As for the US? “Relax, Manus” – Mr Al Ghais is “not worried”, emphasising confidence in the secretariat’s data-led approach over hype around “energy dominance”.

Cohesion and control

Critics who claim the oil production group has lost discipline are “writing Opec’s death certificate – again.” Mr Al Ghais pushed back hard, saying the group is united, data-driven and far from done. “Throwing in the towel does not exist in Opec’s dictionary,” he said.

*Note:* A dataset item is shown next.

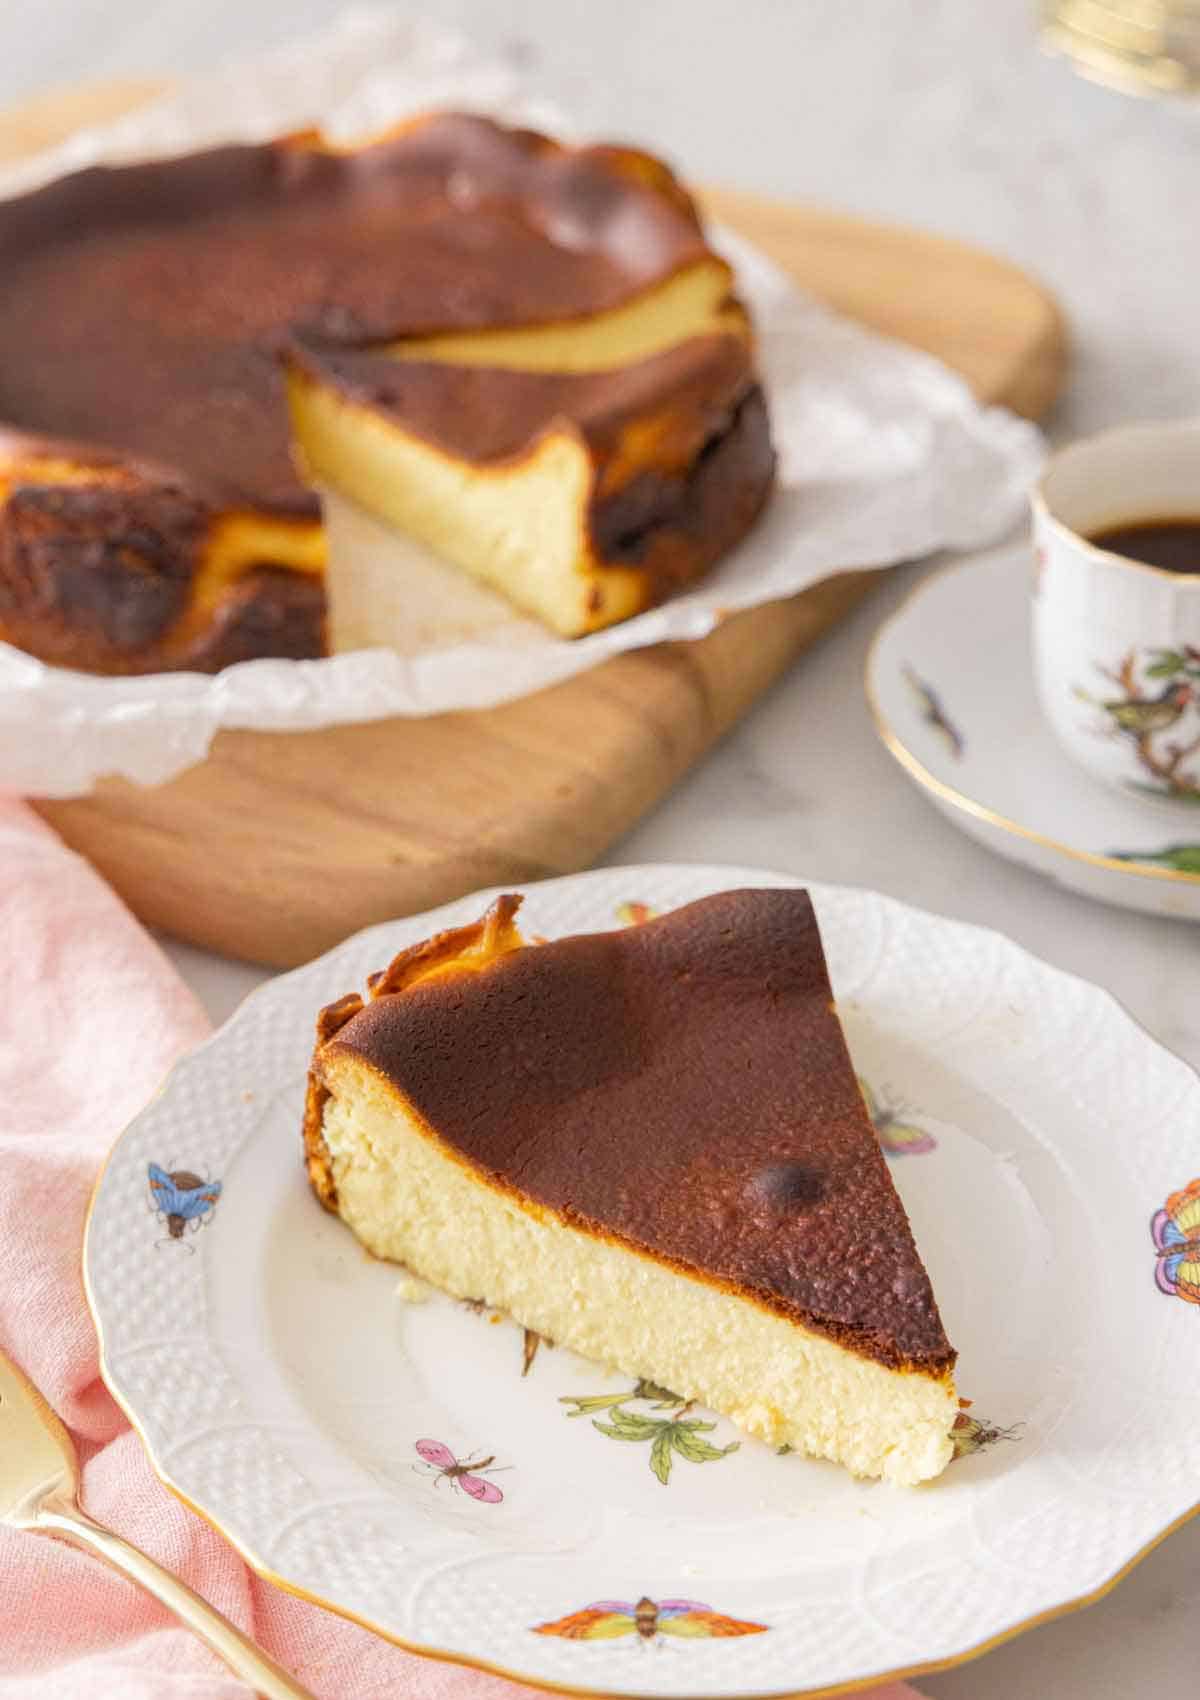 A slice of basque cheesecake on a plate in front the rest of the cake.

Geopolitics and market risk

From Gaza to Iran, geopolitical threats loom, but they do not influence core supply/demand assessments. Opec reacts as needed, the secretary general said, but always on fundamentals, not fear. “We cannot pre-empt situations – we manage them.”

Final word

Opec will ensure the world remains well-supplied for “many decades to come”, with the long-term demand story still intact. “Oil remains 30 per cent of global primary energy. That won’t change overnight.”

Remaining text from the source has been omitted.